───── SOURCE MATERIAL
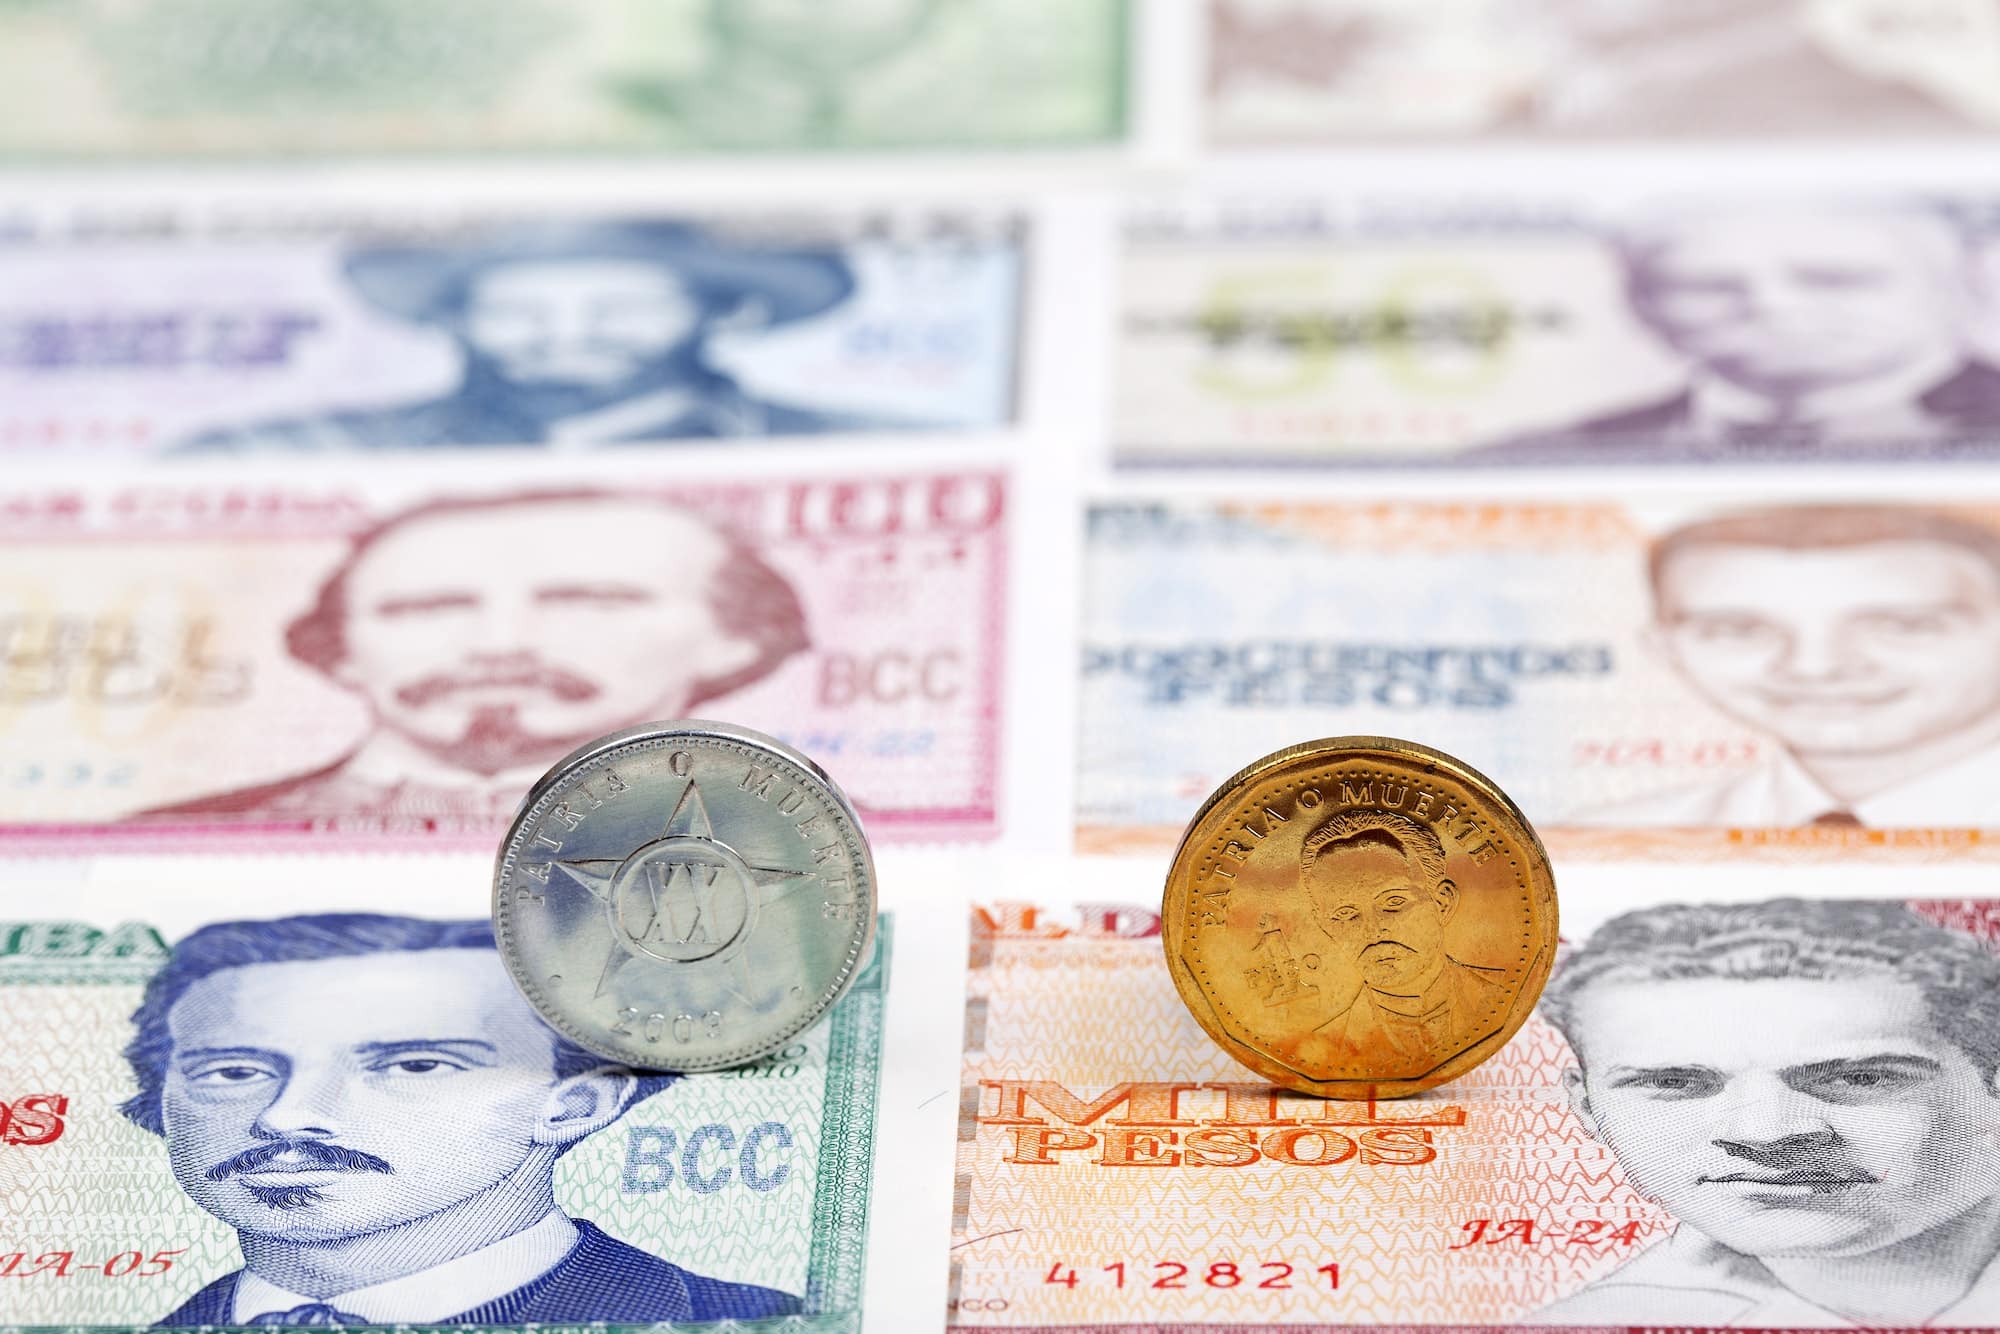 Cuban coins on a background of money
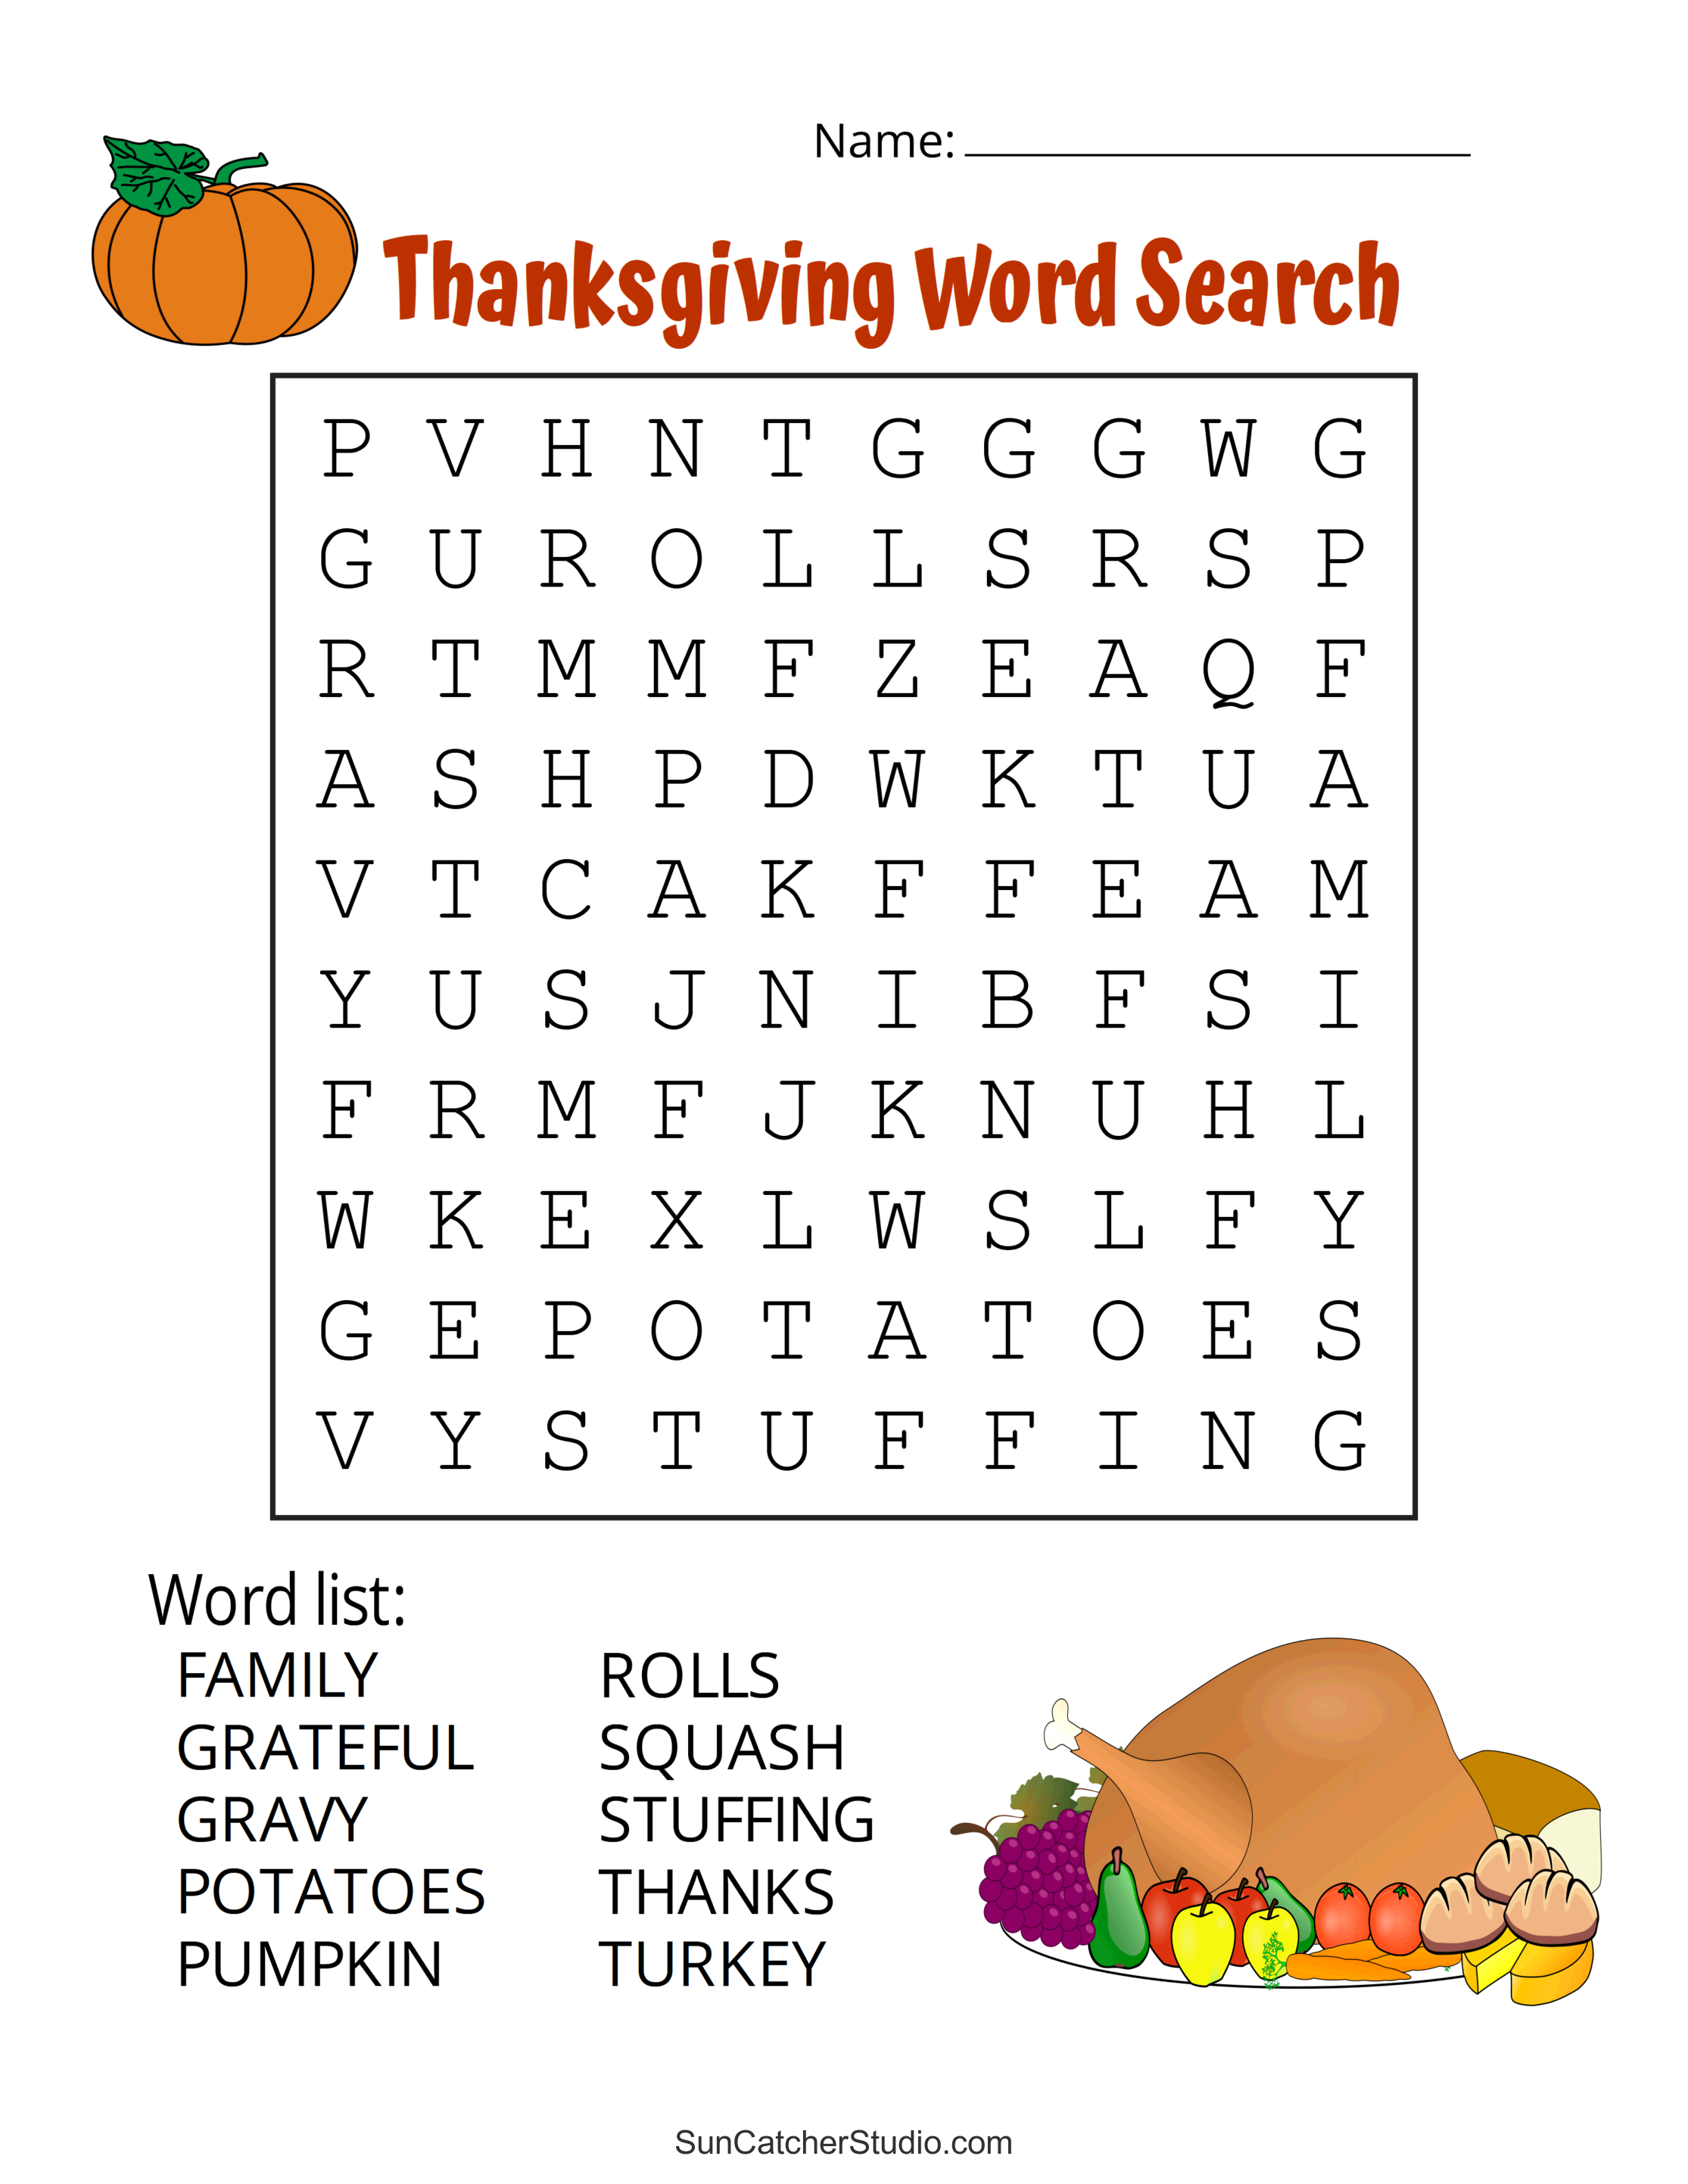 Thanksgiving Word Search (Free Printable Puzzles) – DIY Projects ...
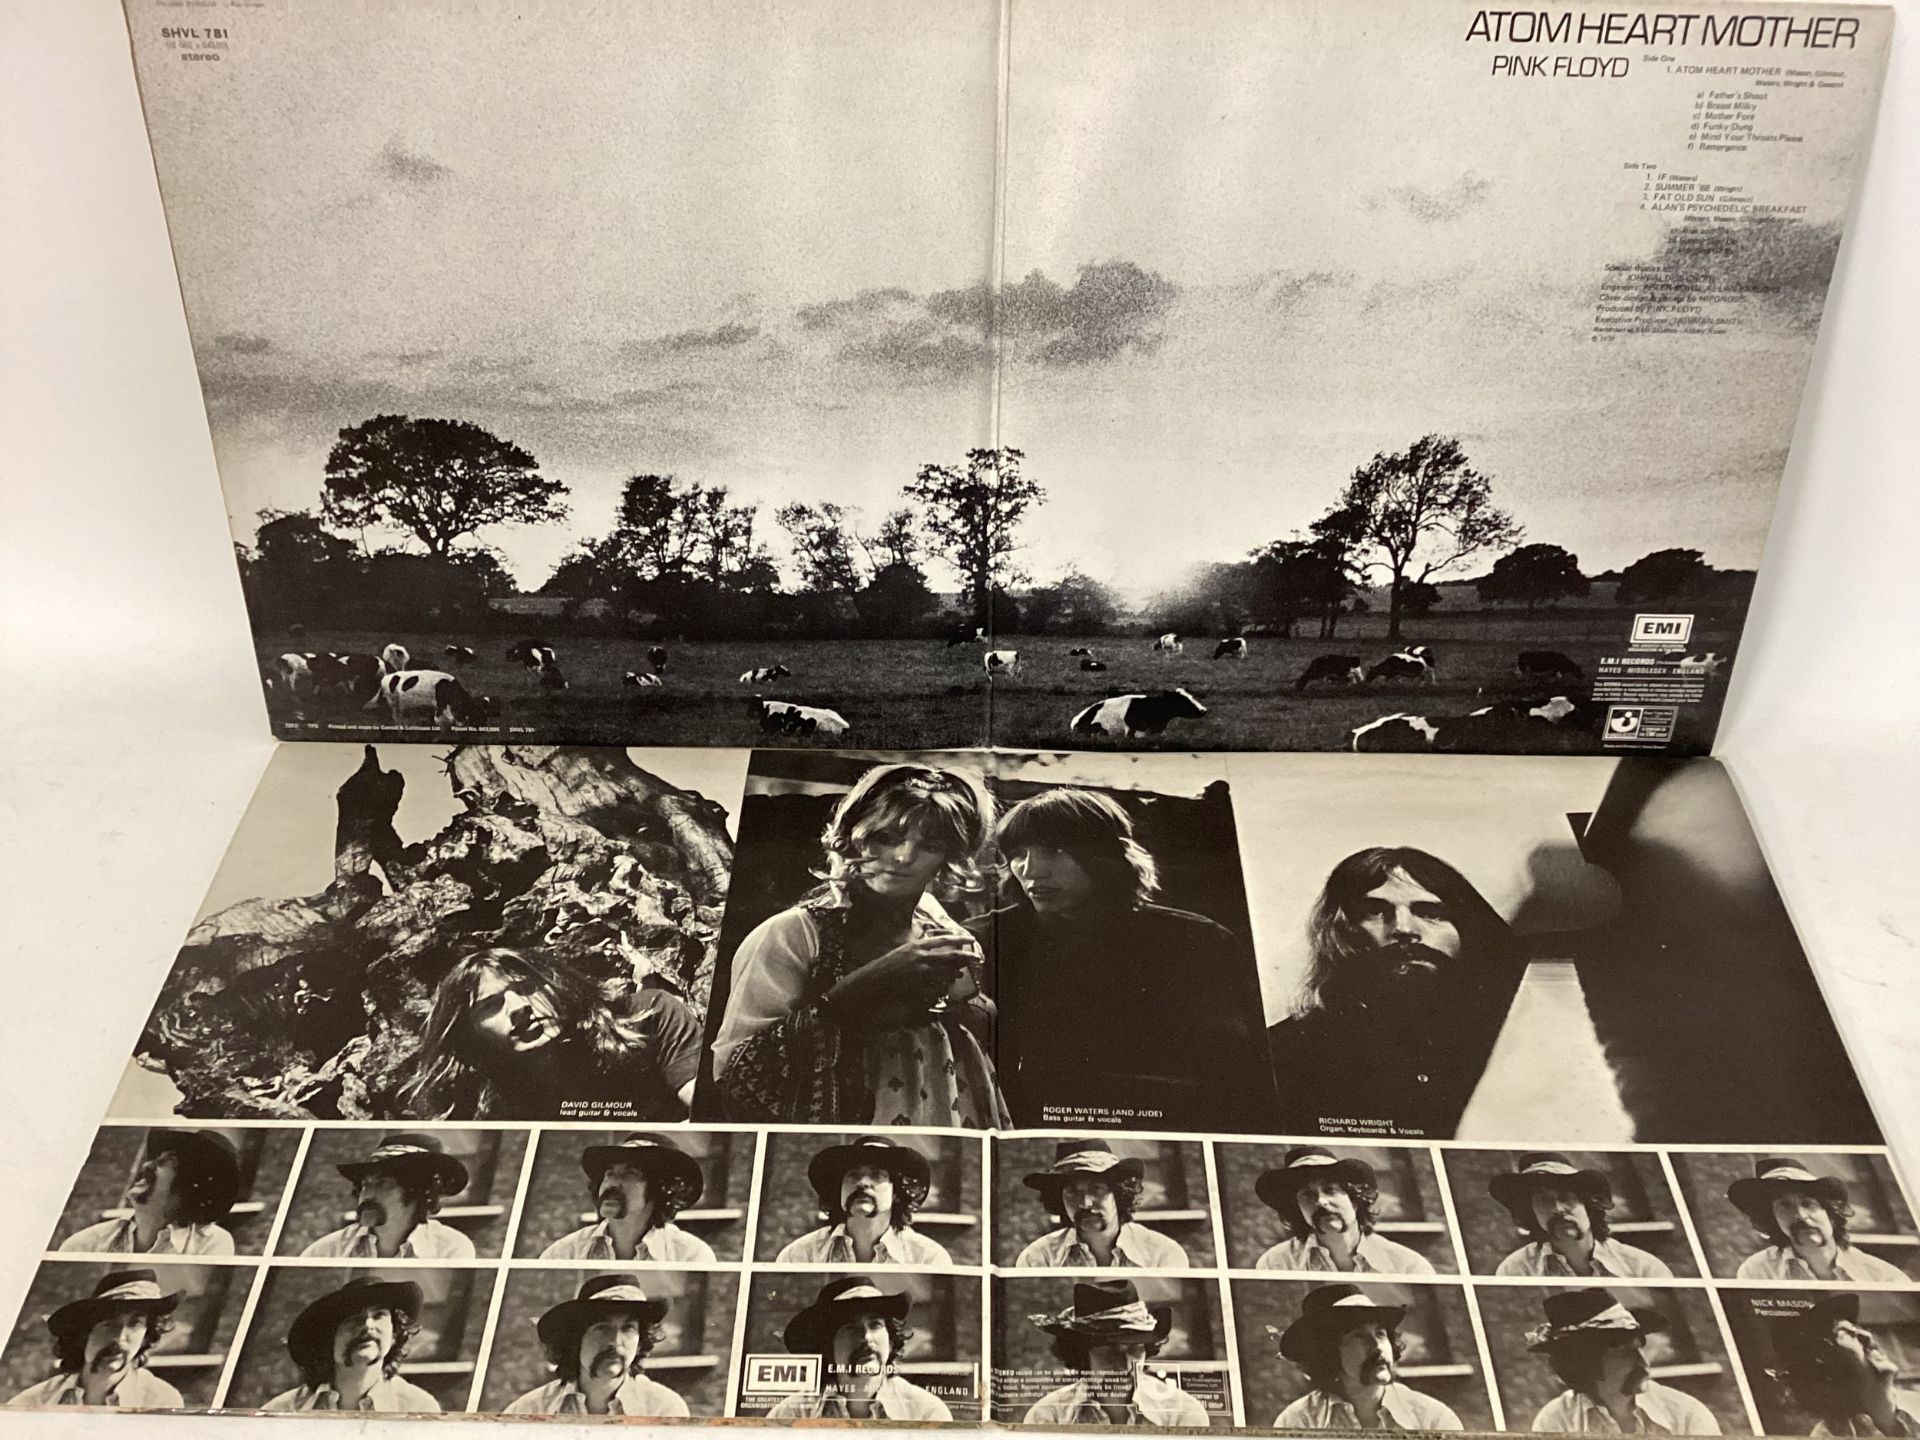 PINK FLOYD VINYL LP RECORDS X 6. Titles here include - Meddle in Gatefold textured sleeve SHVL 795 - Image 4 of 4
──────────
Word for word, restate the material above; do not carry over the pictures.

 Cuban coins on a background of money
 Thanksgiving Word Search (Free Printable Puzzles) – DIY Projects ...
 PINK FLOYD VINYL LP RECORDS X 6. Titles here include - Meddle in Gatefold textured sleeve SHVL 795 - Image 4 of 4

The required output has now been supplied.